More revelations of apparently anti-Semitic content by Labour Party members, activists and officials nationwide. I have space for only a few; a recent research study by Johnson cited 134 examples of antisemitism by Labour Party elected reps, party officers and election candidates[2] (including my own Constituency Labour Party Prospective Parliamentary Candidate). Vicki Kirby, the vice-chair of Woking Constituency Labour Party, was accused of tweeting ‘Who is the Zionist God? I am starting to think it may be Hitler #Free Palestine.’ Salim Mulla, former Mayor of Blackburn and Labour councillor, allegedly wrote that ‘Zionist Jews are a disgrace to humanity’ and posted conspiracy theories suggesting that Israel was behind ISIS terror attacks in Europe and school shootings in America. Shah Hussain, a Labour councillor in Burnley, appeared to have tweeted to the Israeli footballer Yossi Benayoun: ‘you and your country doing the same thing that hitler did to ur race in ww2. Veteran Trotskyist and party member Gerry Downing posted an article on his own website on ‘Why Marxists must address the Jewish Question.' (Rich: pp.248-49)

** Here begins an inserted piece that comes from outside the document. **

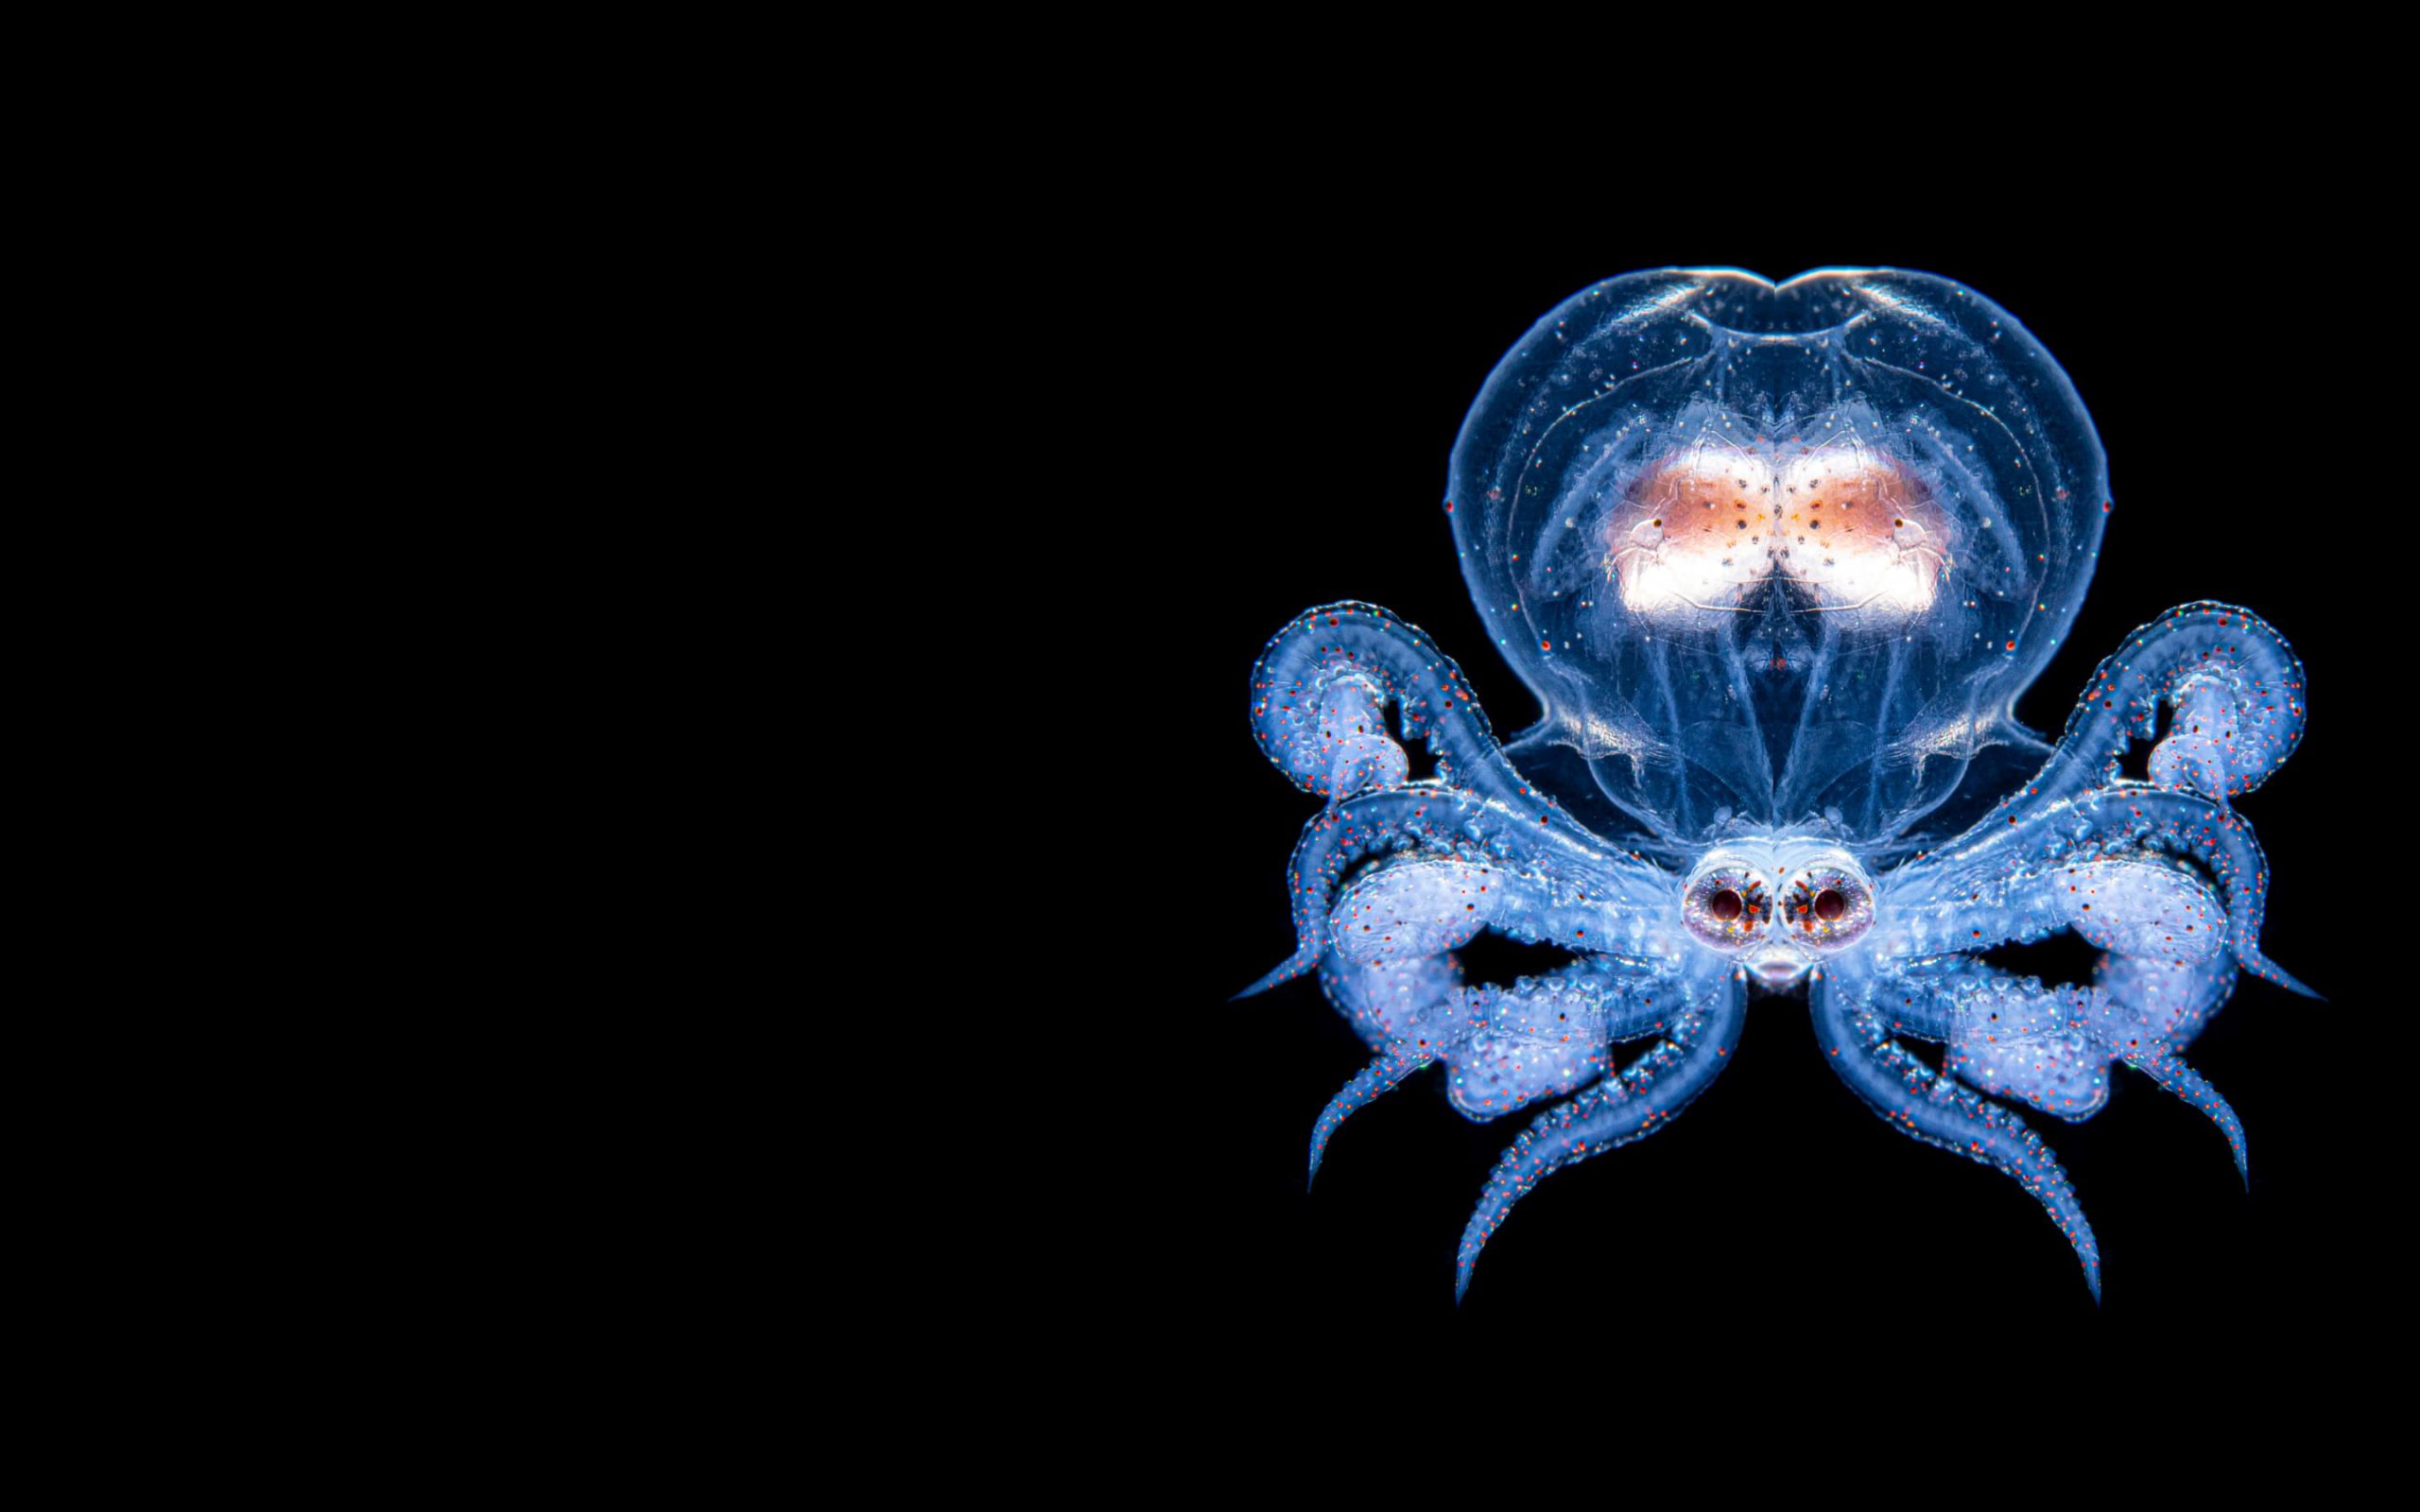 larval wonderpus octopus

Ken Livingstone and the Long, Hot Spring and Summer of 2016 for Labour

But Labour’s problems with antisemitism really exploded into public view with the suspensions of Naz Shah MP and the former Mayor of London and left-wing icon Ken Livingstone. Naz Shah, elected to serve the constituency of Bradford West in the General Election of 2014 by defeating the anti-Israeli firebrand George Galloway[3], was suspended after Facebook posts came to light that she had made as a pro-Palestinian campaigner in Bradford during the Israel-Hamas conflict in the summer of 2014 calling for Israel to be ‘relocated’ to the United States and for people to defeat ‘the Jews’. This comment, unnoticed during the febrile, angry online atmosphere of the time, was discovered (as have many other comments of the same vintage) by the conservative Guido Fawkes blog to shattering impact (Rich: pp.251-52)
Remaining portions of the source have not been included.